A doctor accused of professional misconduct says he hit the wall and became lost and uncertain in the hour that led to the death of an unborn baby in 2011.
The doctor, who has interim name suppression, was appearing before the Health Practitioners Disciplinary Tribunal in Auckland this week.
He was accused of failing to perform an emergency caesarian section, failing to respond to concerns raised by the obstetric registrar, delaying appropriate action and deciding to get a fetal blood sample when indications went against it.
He was also accused of failing to communicate with his patient and her husband, failing to discuss a managment plan and options for progressing the labour and failing to find out what the patient wanted to do to progress her labour.
The woman was 46 and nearly 38 weeks pregnant with her fourth child when she arrived at the hospital after her waters broke in October 2011.
Two and a half days later, she was in induced labour when the baby's heart rate was decelerating.
Two midwives had been monitoring the woman when they became concerned about the baby.
One called the doctor at about 9pm when the cardiotocograph - or CTG - that measures the fetal heart rate was abnormal.
Prosecuting lawyer Nicola Wills told the tribunal that the doctor went into the patient's room at 9.14pm and reviewed the CTG trace which clearly showed the baby had prolonged bradycardia, when the heart rate falls below 100 beats per minute for more than five minutes.
She said that the usual course of action was to do an emergency caesarian to rescue the baby from "significant fetal compromise".
However, the doctor did not follow the accepted clinical course of action but instead took a "wait and see" approach.
Ms Wills said the doctor did not talk to his patient or the midwives about the CTG trace, about how he was going to manage the prolonged bradycardia or the options of speeding up the delivery.
She said by the time the doctor finally called a code red c-section, 29 "precious minutes" had passed.
The baby was delivered stillborn just before 10pm.
The doctor accepted that he made a series of bad errors.
He told the tribunal that he was sitting down in the tearoom with a cup of coffee to watch world cup rugby at 9pm when he was called by a midwife.
He said when he went into the patient's room he "hit the wall" and felt lost and uncertain, and was concerned that he was not reading the situation correctly.
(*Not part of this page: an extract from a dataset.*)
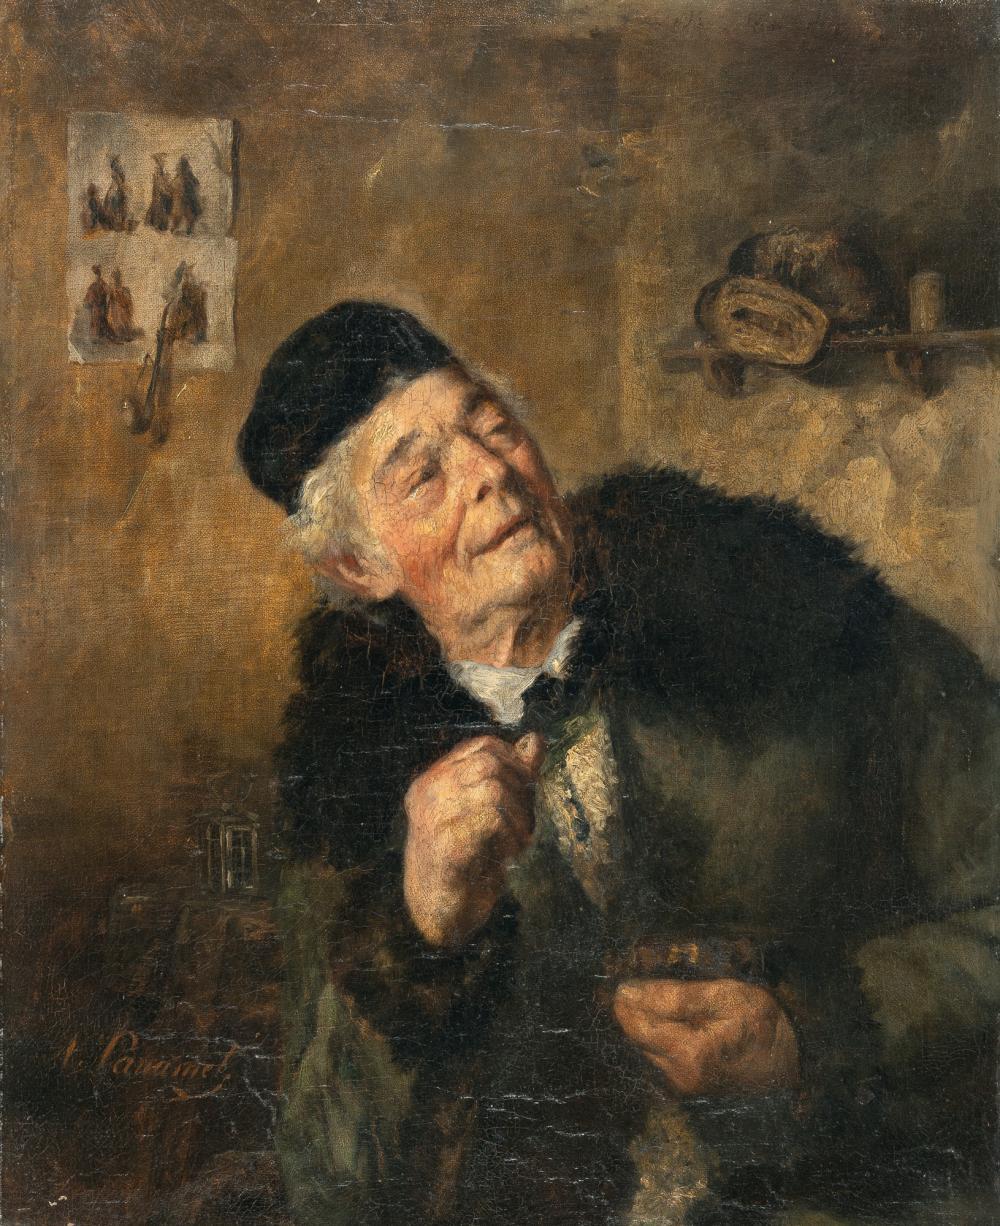 Honoré Daumier (Umkreis) – Der Kunstkenner
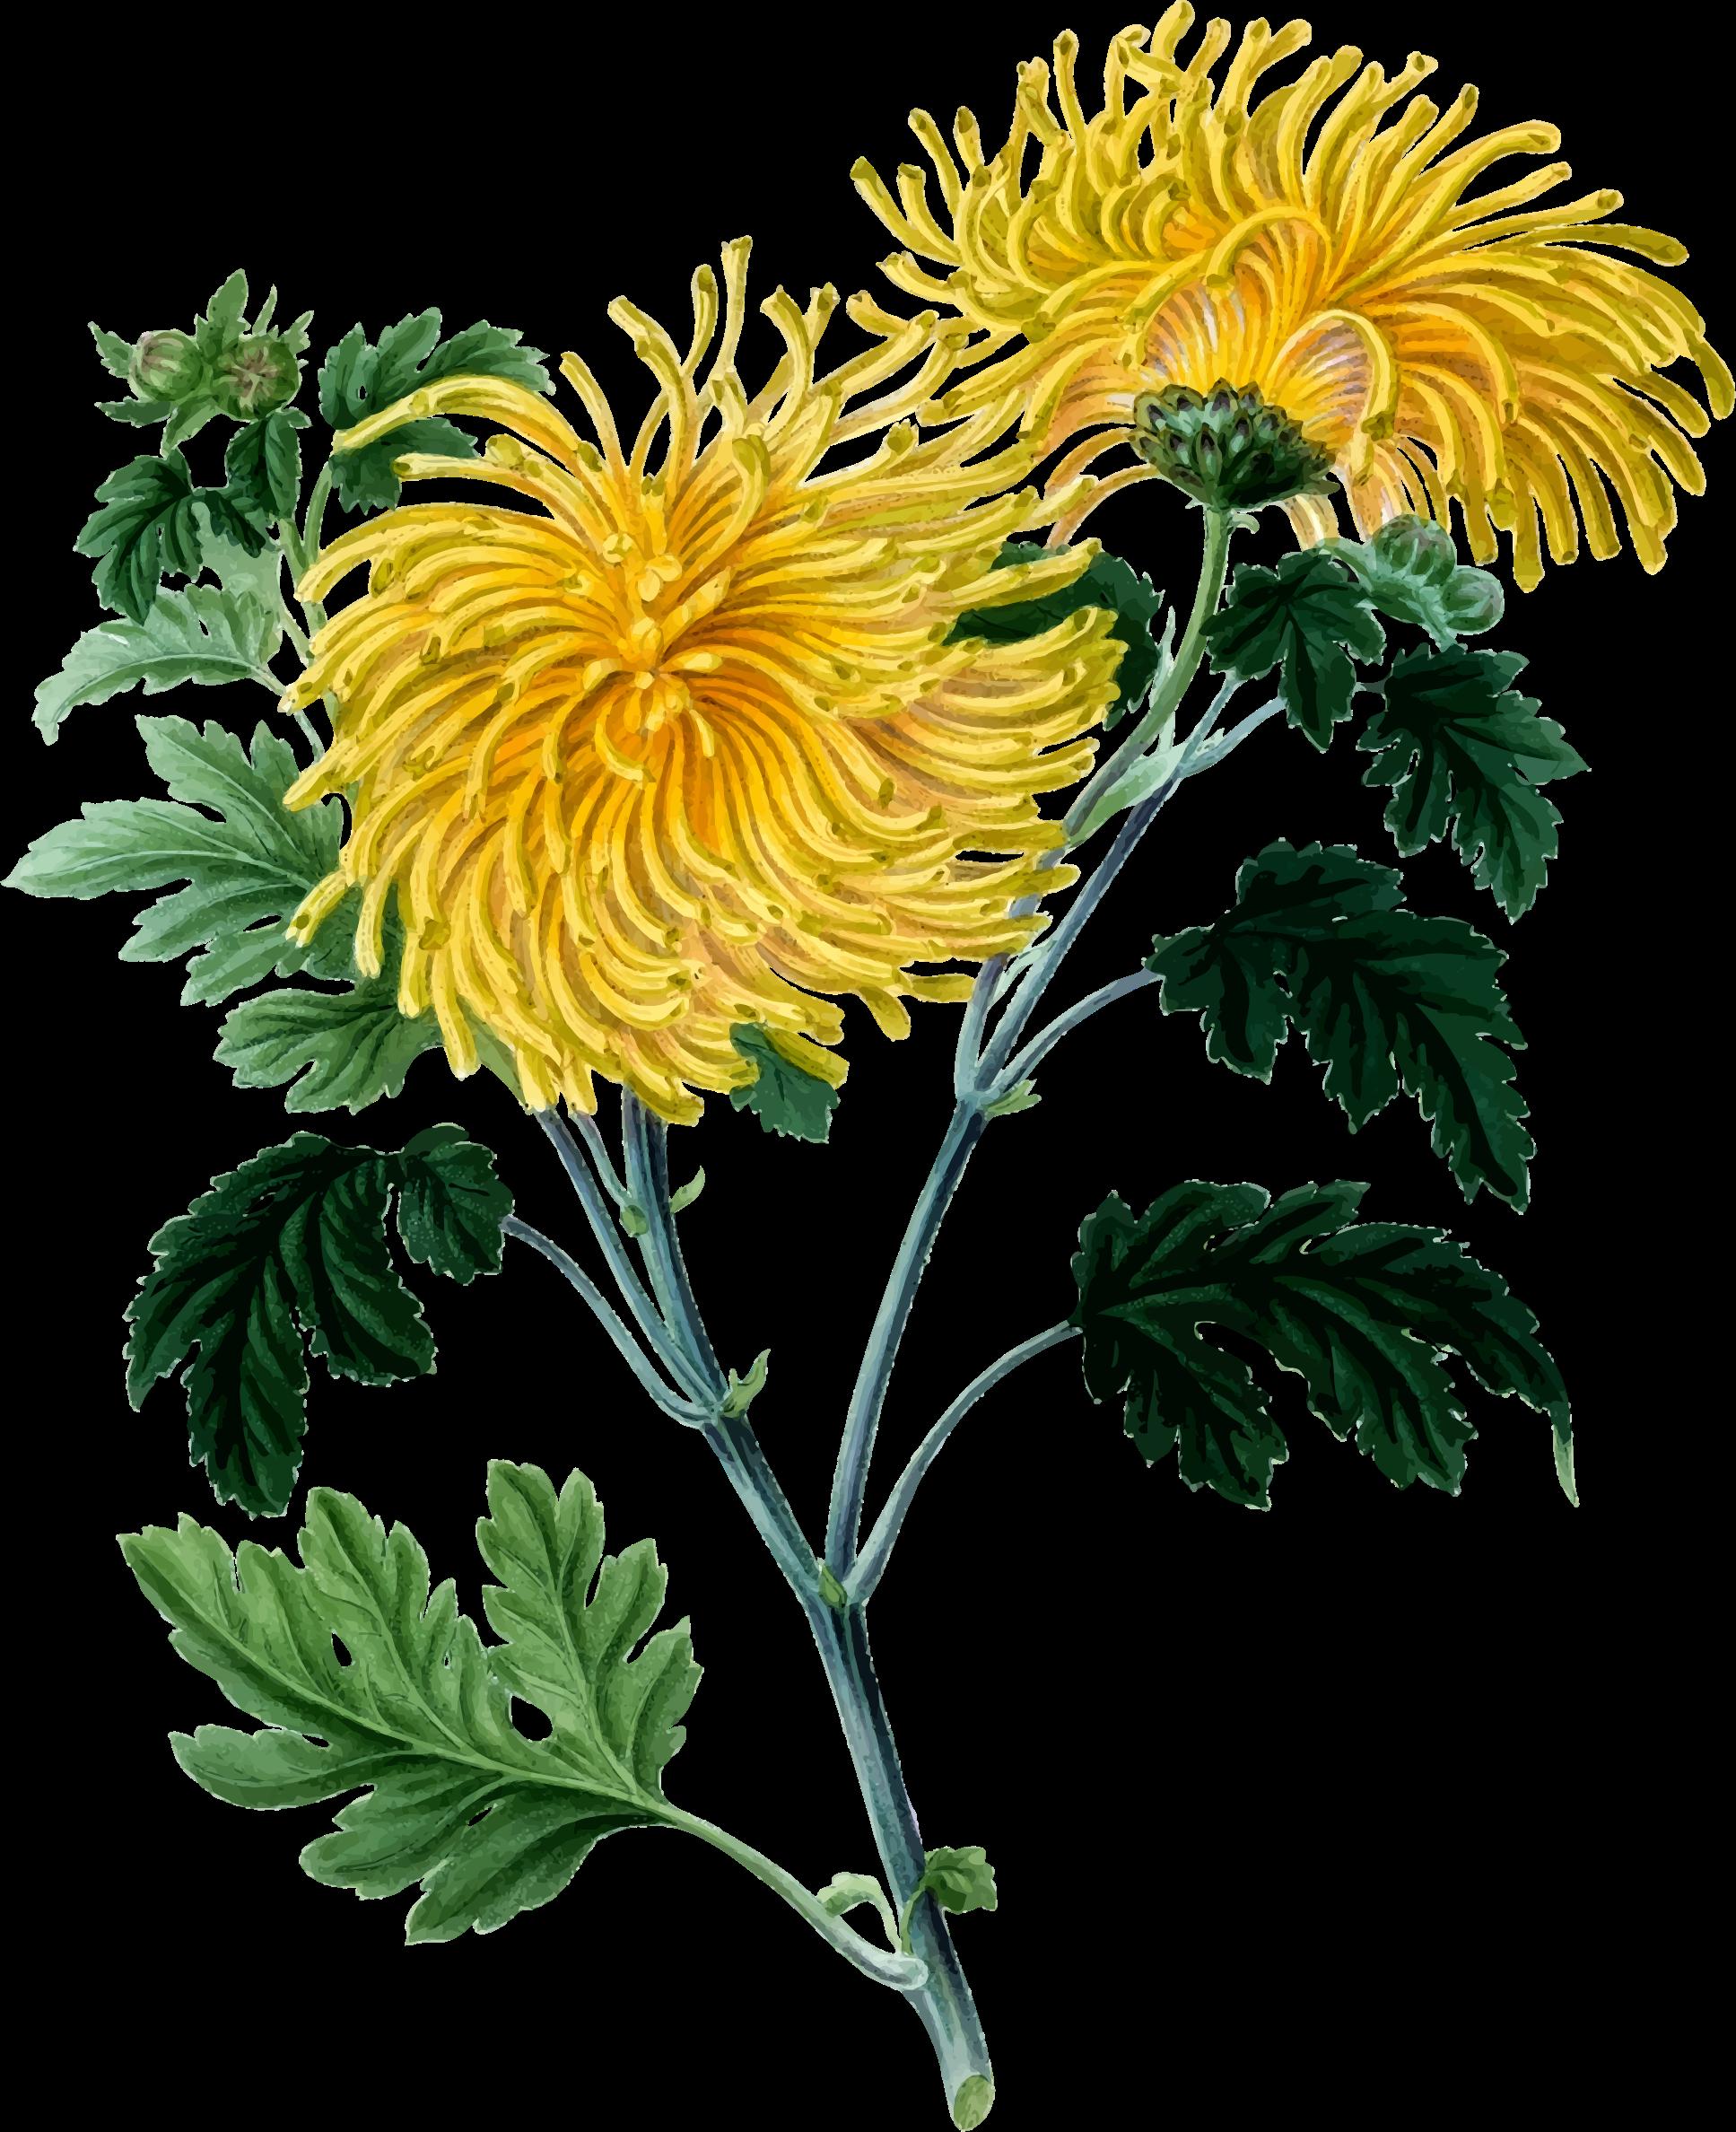 Yellow Flower clipart chrysanthemums Clipart Chrysanthemum 2 2 Chrysanthemum

He said he wanted to seek a second opinion and waited until 9.30pm for the registrar to arrive. He said the registrar told him that an emergency caesarian was needed but his mind was set on a vaginal delivery.
He said he "clung to the idea and became dogmatic" that that was what he wanted to do.
He said his behaviour was out or character and finding an explanation has upset his sleeping pattern every since.
The doctor said he was tired after a busy day, starting at 8am and doing a double duty shift as on call obestetrician and registrar.
"I was in the room, out of the room, not communicating with the patient correctly. I couldn't make decisions."
His lawyer, Harry Waalkens QC told the tribunal the doctor was affected by unexplained impairment for a "ghastly" 58 minutes.
He pointed out that the hospital was understaffed and the doctor was thwarted by the two midwives on duty who had not conveyed the urgency of the situation.
An expert witness said there were many failures before the doctor was involved and the whole team should have been proactive.
The doctor has been suspended from acute obstetrics but continues to work in other areas.
The penalty for professional misconduct ranges from censure to being struck off.